The blog post stated: “basic model trained on a large amount of text data, not optimized for a particular task.”
It also lacks integration with the real-time data accessible on X, a feature that Musk originally touted as a significant advantage of Grok over other LLMs. To access this feature, users will still need to subscribe to the paid version on X, the report notes.
Because matter: Open sourcing Grok is seen as a strategic move by Musk, who is its co-founder ChatGPT-parent OpenAI in 2015 and subsequently dropped it in 2018. Grok is designed to rival ChatGPT, which Musk has criticized repeatedly since its maker’s partnership with Microsoft Corporation MSFT.
Some experts in the sector, such as for example Deep sea resource management managing partner Douglas Clinton, speculated that open sourcing Grok could be Musk’s strategic response to an ongoing lawsuit with OpenAI. “I think in a way he had to, given the lawsuit with OpenAI, to make a statement.”

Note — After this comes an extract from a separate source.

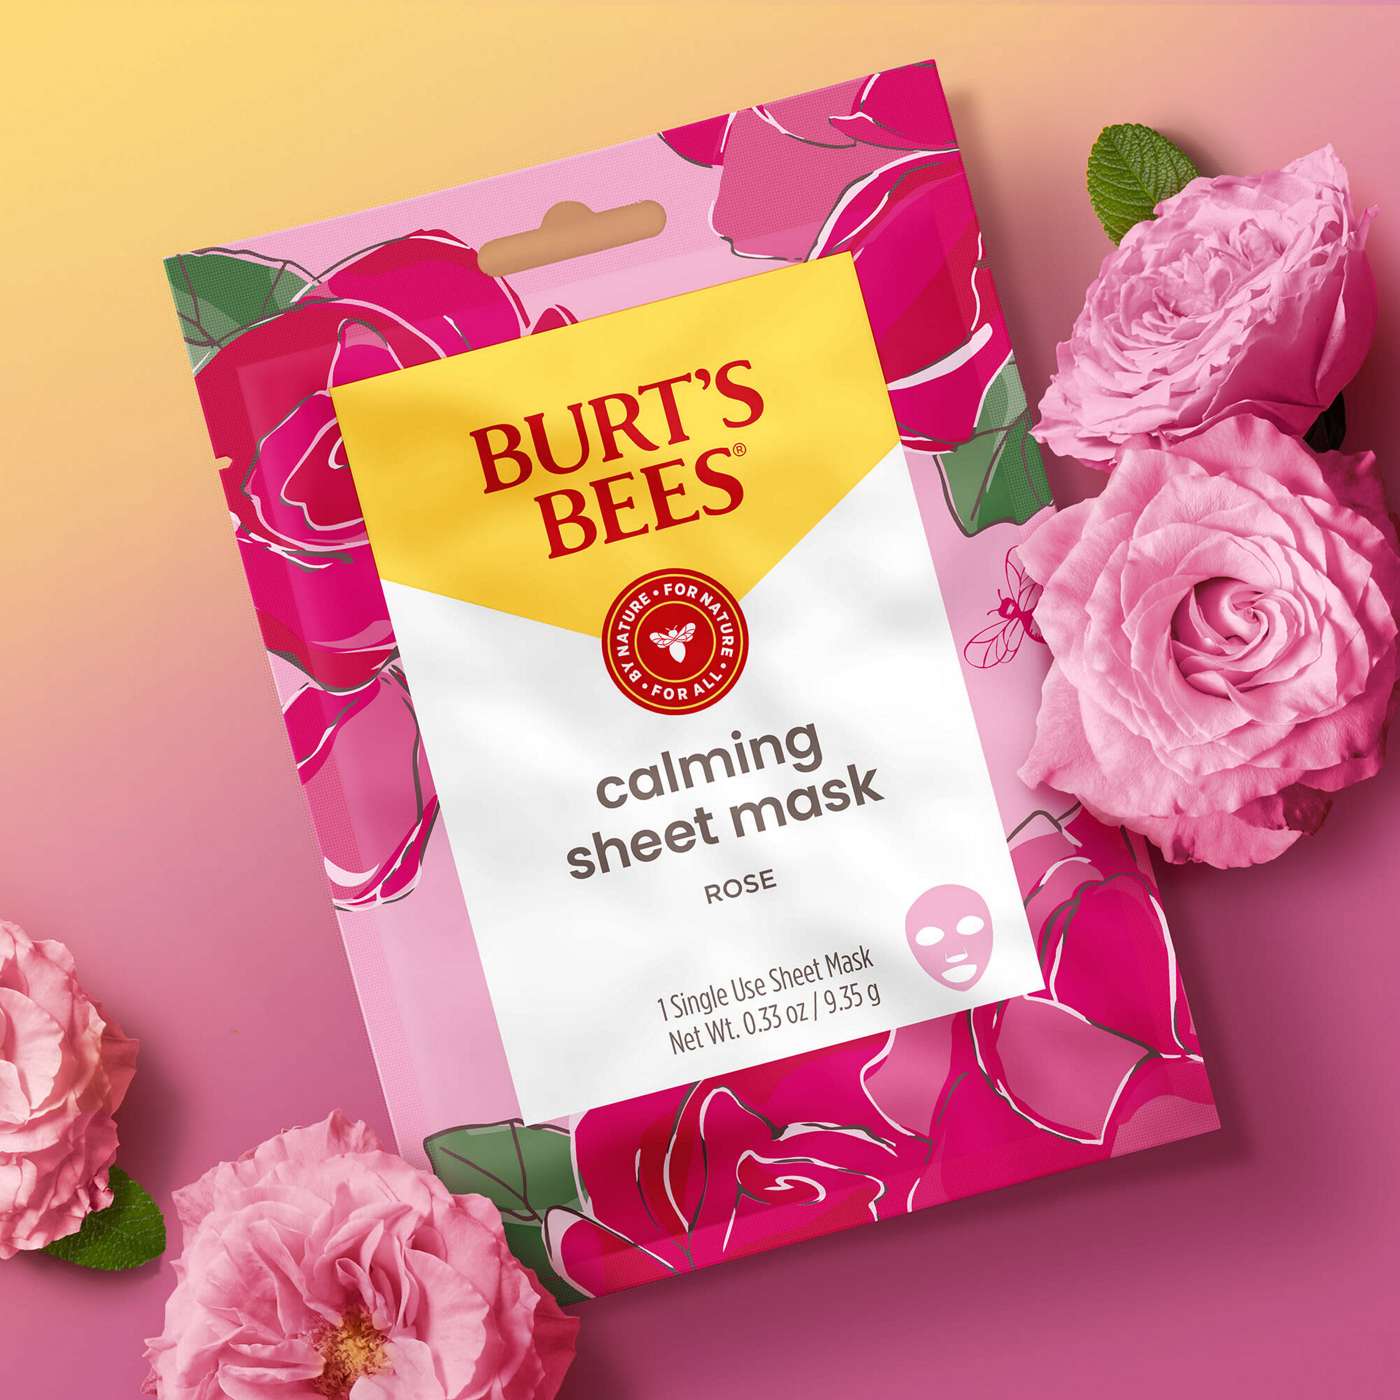 Burt's Bees Calming Sheet Mask with Rose; image 4 of 7

Gene Munsteranother Deepwater managing partner, predicted that this move could attract significant funding for xAI and position it as a leading private AI company, directly challenging OpenAI.
“Musk reports that xAI has not raised and is not raising money, but I believe that will change soon because speed and deep pockets are key in the AI race,” he said previously, adding: “When it does, it will raise boatloads of money fast.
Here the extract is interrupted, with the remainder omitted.